● TASK REQUIREMENTS
Give all of the data again exactly as written, omitting every image.

● RECORD EXCERPTS
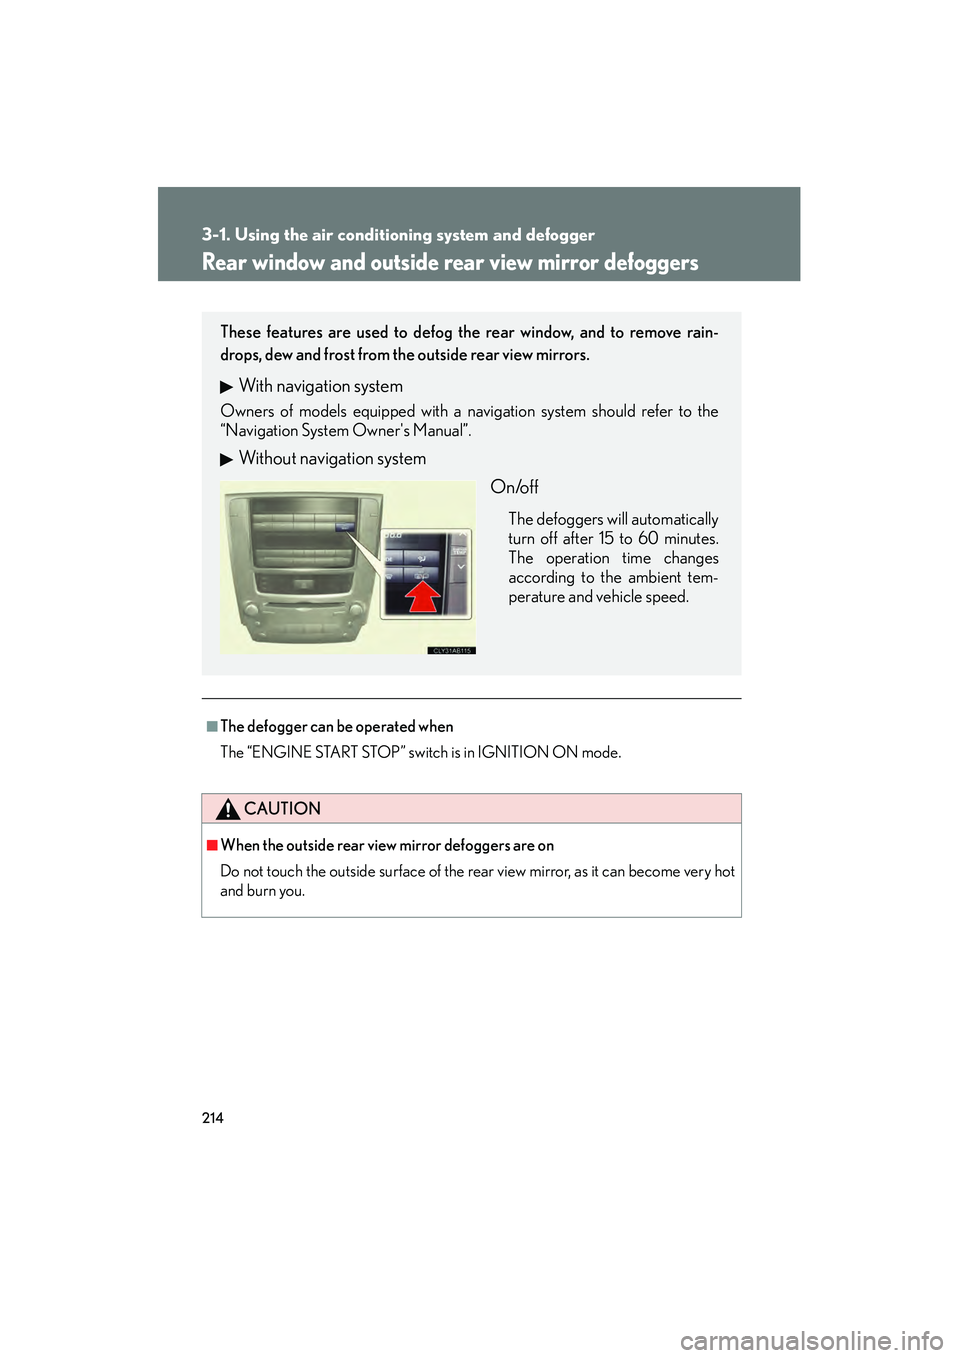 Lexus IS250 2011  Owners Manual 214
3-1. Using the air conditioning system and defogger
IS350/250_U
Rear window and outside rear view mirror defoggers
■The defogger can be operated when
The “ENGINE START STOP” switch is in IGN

● ANSWER BOX
 Lexus IS250 2011  Owners Manual 214
3-1. Using the air conditioning system and defogger
IS350/250_U
Rear window and outside rear view mirror defoggers
■The defogger can be operated when
The “ENGINE START STOP” switch is in IGN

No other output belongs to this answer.